Read about my experience at Abundance’s annual Death Faire.
It’s not that you would know that this place, The Plant, exists, necessarily. At the feed and seed in Pittsboro, you take the road across the street, Industrial Parkway Drive, which then turns into Lorax Drive. You drive a long ways through a cut over area that is growing back. until you turn the corner and a whole alternative-style village appears on the grounds of a former aircraft parts manufacturer. People are there, they walk around and fill the tables outside of the bars and restaurants that look like they were just set down in the middle of the woods. It’s a beautiful site. There is a hemp shop, a gallery, a Honey Wine manufacturer. The office for a not-for-profit incubator, Abundance, sits at the center.of it all.

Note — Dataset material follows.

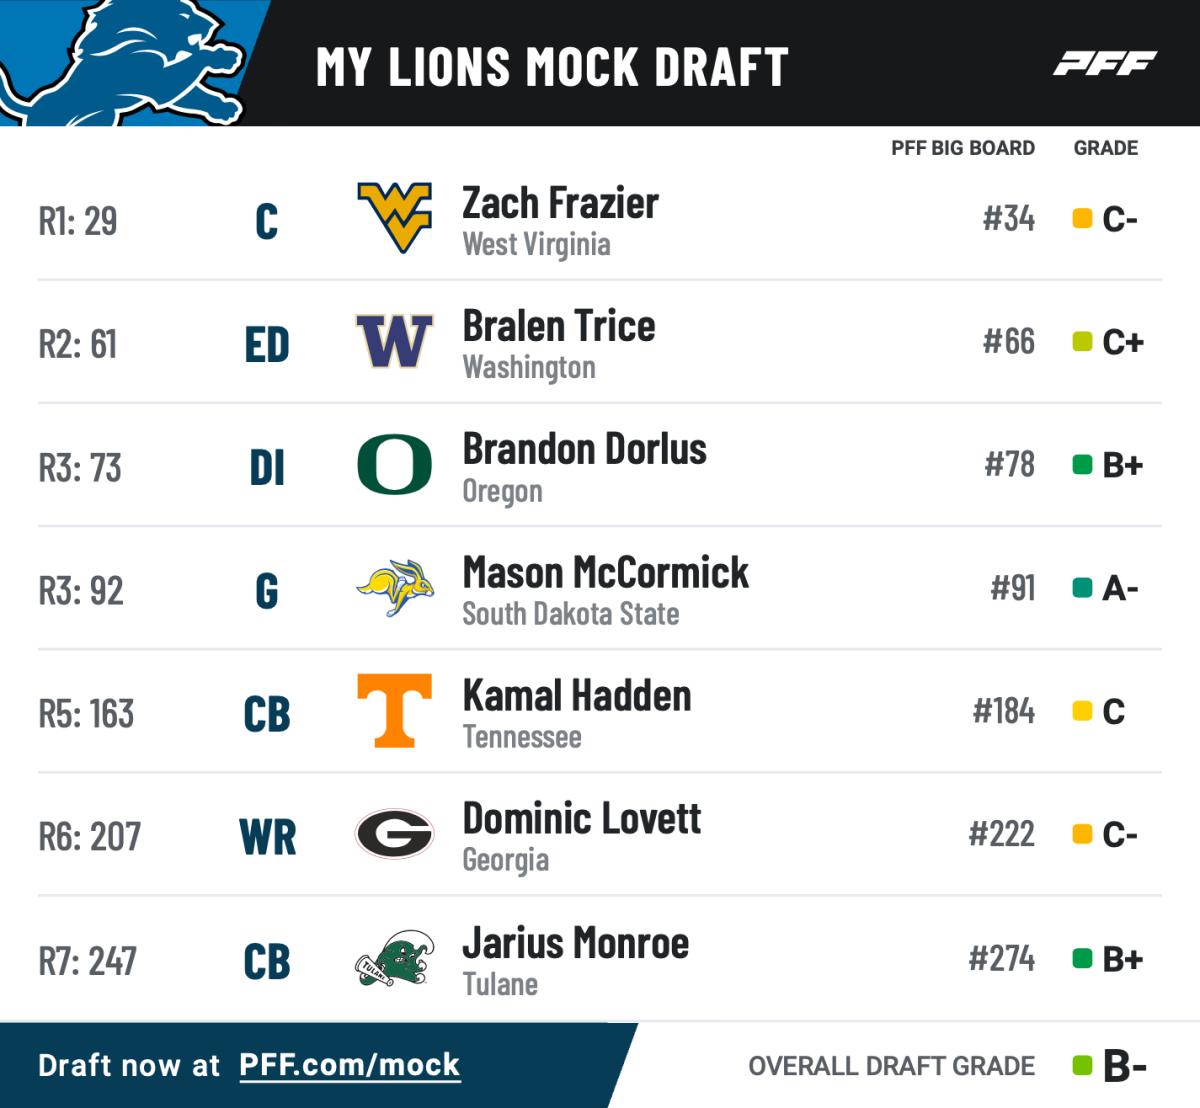 Results from a Pro Football Focus Mock Draft simulation.

Yesterday, the Plant, under the auspices Abundance, held its fourth annual Death Faire. As you know I was invited to show some work at Smelt Gallery, but there was a lot more to the festival, speakers, take a selfie in a coffin, a New Orleans-style Jazz Funeral parade, even an organization that helps to preserve rare owls. It was a day of bright costumes, skulls, lacy parasols, and honest talk about that most taboo of subjects, Death.
One of the moments where this honesty made itself apparent was my friend Brooksie’s launch for her new book, Heartspace: Real Life Stories on Death and Dying. The book is an anthology of people generous enough to share their widely different experiences of death. Contributors read moving passages and the audience listened with intent. It was an intense reading due to the subject matter, but the event was held with a moving, quiet respect that made listening possible and even necessary. I came out of the reading feeling better about my circumstance, a part of the human world rather than an outcast because of my disease.
I found it so heartening the gallows humor, the pure enjoyment of a topic like the end of life. Since, I have been going through the trials and tribulations of cancer, it has been important for me to keep a light spirit. It helps me enjoy the days I have. Death Faire I’ll mark as a great day in that regard, and I so hope I make it next year.